Note: If DIA-Umpire fails or is interrupted, temporary files will cause issues if the process runs again. Make sure to delete any temporary files that are generated alongside the raw/mzML files before re-running FragPipe.


Build a library from combined DDA and DIA data

This workflow is composed of two steps:

A) run just the DIA-Umpire step to extract pseudo-MS/MS spectra from DIA data, and

B) build the library from the pseudo-MS/MS DDA files and additional DDA files**

  1. For part A, load the ‘DIA_Umpire’ workflow, add DIA mzML files, and adjust the DIA-Umpire parameters as needed (see above).
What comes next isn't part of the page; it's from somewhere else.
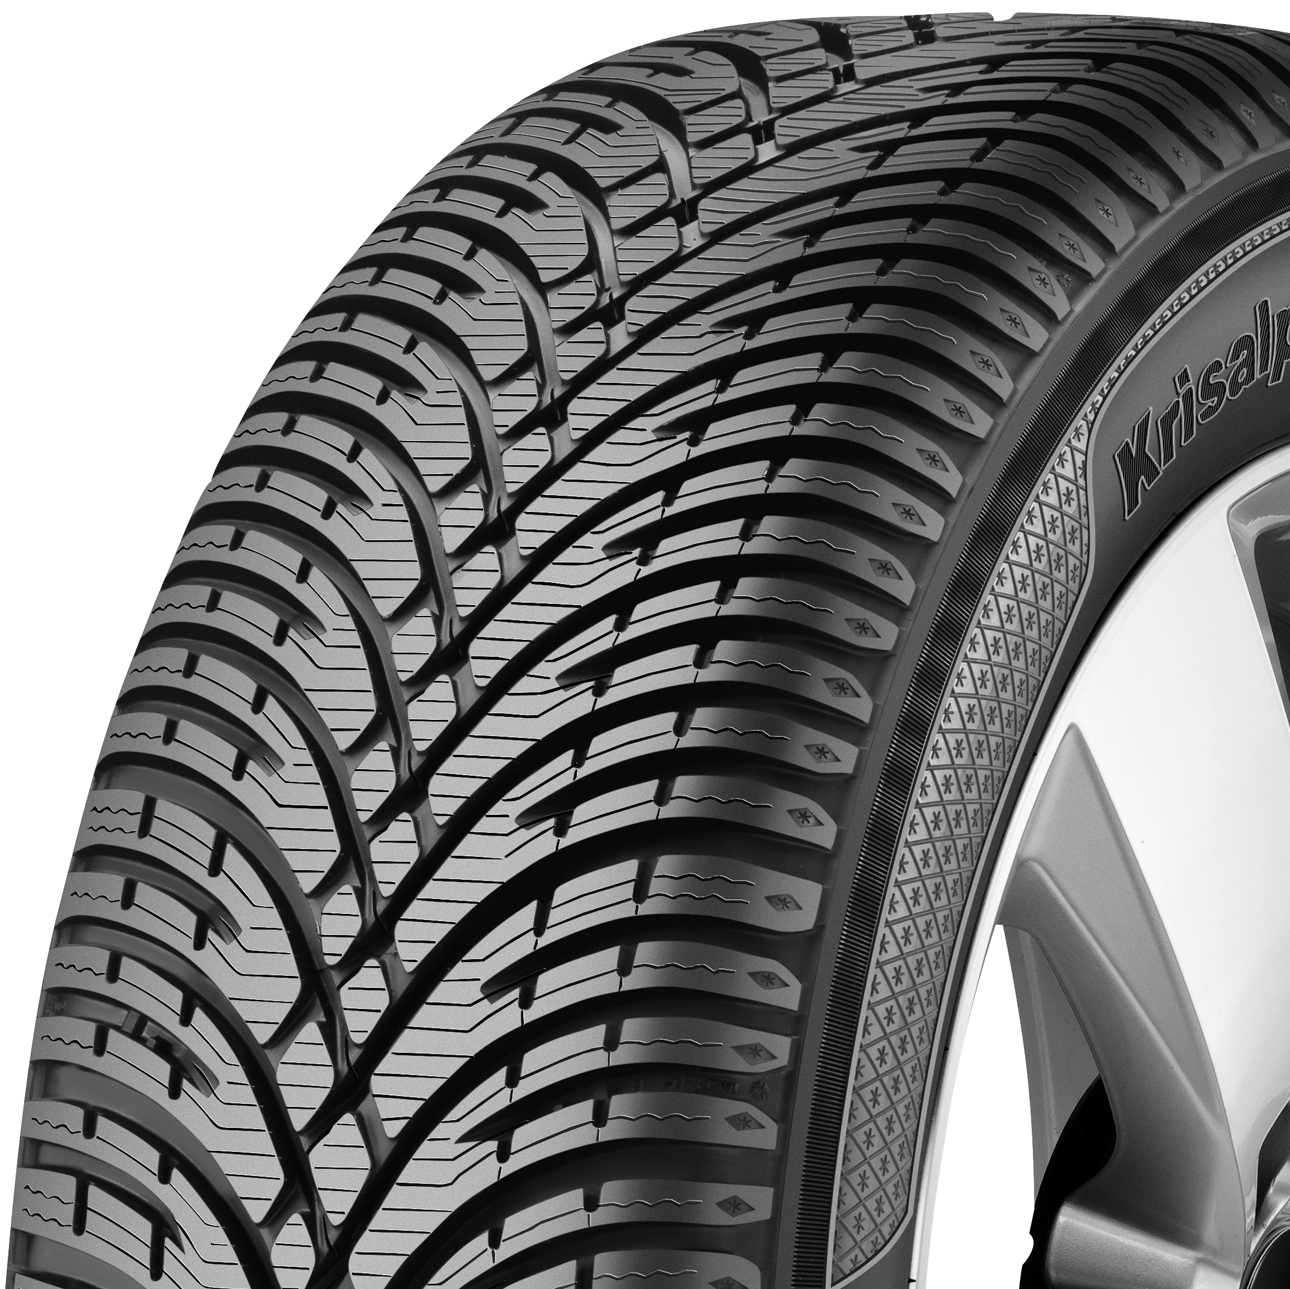 Kleber Krisalp Hp3 Test And Review Of The Winter Tyre Alltyretests Com

Select the output destination and ‘RUN’. When DIA-Umpire is finished, the output folder will contain three pseudo-MS/MS (pseudo-DDA) files for each input mzML, with the suffixes _Q1.mzML, _Q2.mzML, _Q3.mzML.

  2. For part B (shown below), first load the ‘SpecLib’ workflow.
  3. Clear the DIA files from part A.
  4. Load DDA mzML files and also all pseudo-MS/MS mzML files generated by part A.
  5. On the ‘Run’ tab, click ‘RUN’.


Quantify with DIA-NN

DIA-NN is available for download here

  1. Click ‘Raw’ and load mzML files (or RAW format if DIA-NN has been configured to read the RAW format).
  2. Select the spectral library generated using FragPipe (‘library.tsv’ file).
  3. Choose where to write the output and the file name (e.g. ‘DIA-NN_DIALib.tsv’).
  4. Specify the number of threads to use.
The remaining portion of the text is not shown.